Я заметила, что она удаляется от меня в сторону входной двери. И тут внезапно в голове возникла другая мысль. Топор! Если она найдет топор, все кончено. Я застонала. Знала, что надо во что бы то ни стало подняться, защититься, бороться за свою жизнь. Но я была не в силах даже пошевелиться. Не могла даже перевернуться на бок. «Тогда пусть все закончится», – пронеслось в голове.
Она снова вошла и захлопнула за собой дверь. Я не слышала, чтобы она заперла ее на замок, но это не имело значения. Я никогда не встану с пола. Мрак подбирался все ближе. Я снова повернула лицо к потолку и лишилась чувств.
37
Стук шагов. Кто-то что-то бормочет про бензин. «Я уверена, что у меня была еще канистра в запасе». Мамин голос. Сначала он звучит удивленно и с надеждой, потом обеспокоенно и расстроенно. Внезапно он резко затихает, прямо посреди предложения. Проходит какое-то время. Я снова проваливаюсь в небытие. Затем веки вздрагивают, открываются, и я различаю очертания хорошо знакомой фигуры. Она сидит чуть поодаль совершенно неподвижно. Мама! Ты нашла меня, ты приехала! Хочется позвать ее, но голоса не слышно. Мне удается пошевелиться и привлечь ее внимание. Тяжело дыша, она наклоняется вперед. Весь ее облик выражает тревогу.
– Грета, – говорит она. – Вот я и приехала. Как ты?
Она тоже связана? Из-за этого она сразу же не бросилась ко мне? Мои губы беззвучно прошептали одно слово.
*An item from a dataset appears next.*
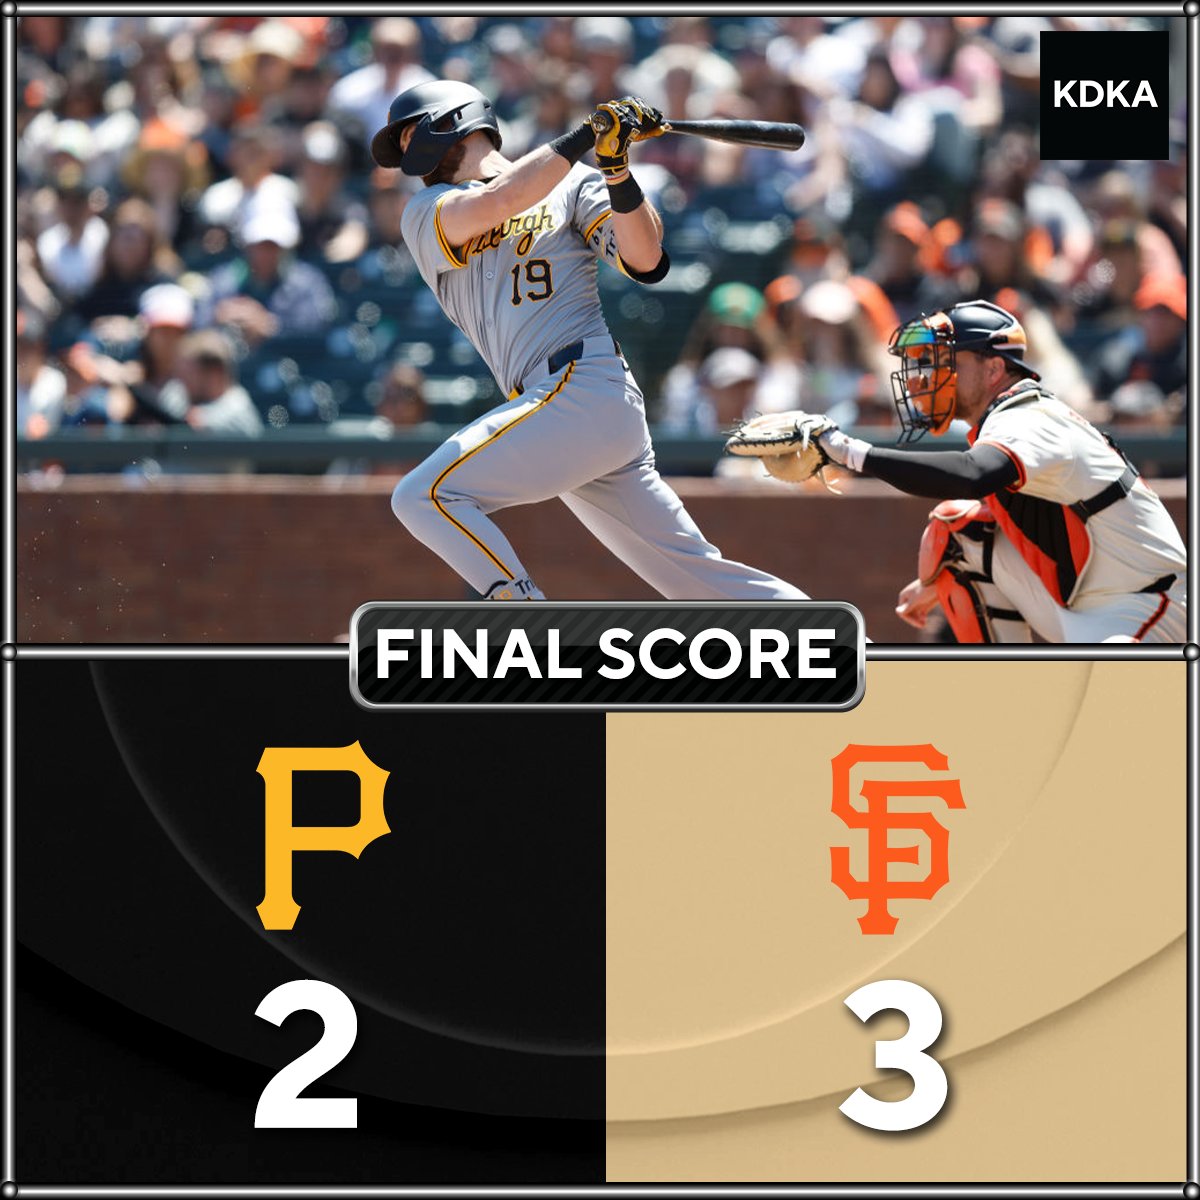 Thairo Estrada and Mike Yastrzemski hit back-to-back home runs in the third inning, and rookie right-hander Keaton Winn delivered another strong start to lead the San Francisco Giants to a 3-2 victory and a series win over the Pittsburgh Pirates. RECAP: cbsn.ws/3wbeLt4

– Дорогая, – обратилась мама к кому-то с другой стороны. – Позволь мне подойти к дочери и посмотреть, как она.
– Так она твоя дочь?
Ударение лежало на двух последних словах, голос сочился презрением. Я направила взгляд в ту сторону, куда смотрела мама, и сразу же увидела ее. Она стояла, прислонившись к стене, всего в нескольких метрах от стула, на котором сидела мама. Она стояла ко мне в профиль, длинные светлые волосы закрывали лицо. Простое легкое платье в цветочек и светлый кардиган. Повседневный, будничный наряд. Она выглядела бы как любая другая женщина, если бы не черный, узкий и длинный предмет в руках. И хотя я было воспряла духом, увидев маму, едва поняв, что это за предмет, потеряла всякую надежду. Она нашла топор. Топор, который я купила, чтобы защитить себя. Теперь было нетрудно понять, почему мама не может пошевельнуться, не попросив разрешения.
– Позволь подойти к ней.
Психотерапевт нервно провела рукой по волосам. Ее пальцы застряли в спутанных прядях, и она резко дернула рукой, вырвав клок волос. Ее движения были порывистыми, она выглядела неуверенно, почти смущенно. Совсем не так, как некоторое время назад, когда мы были с ней одни.
– Почему я должна это делать?
Когда она приехала сюда, она, очевидно, думала, что я буду в полном ее распоряжении. Мамин приезд спутал ее планы.
– У тебя есть дети? – спросила мама с едва заметной дрожью в голосе. – Если да, то знаю, ты меня поймешь.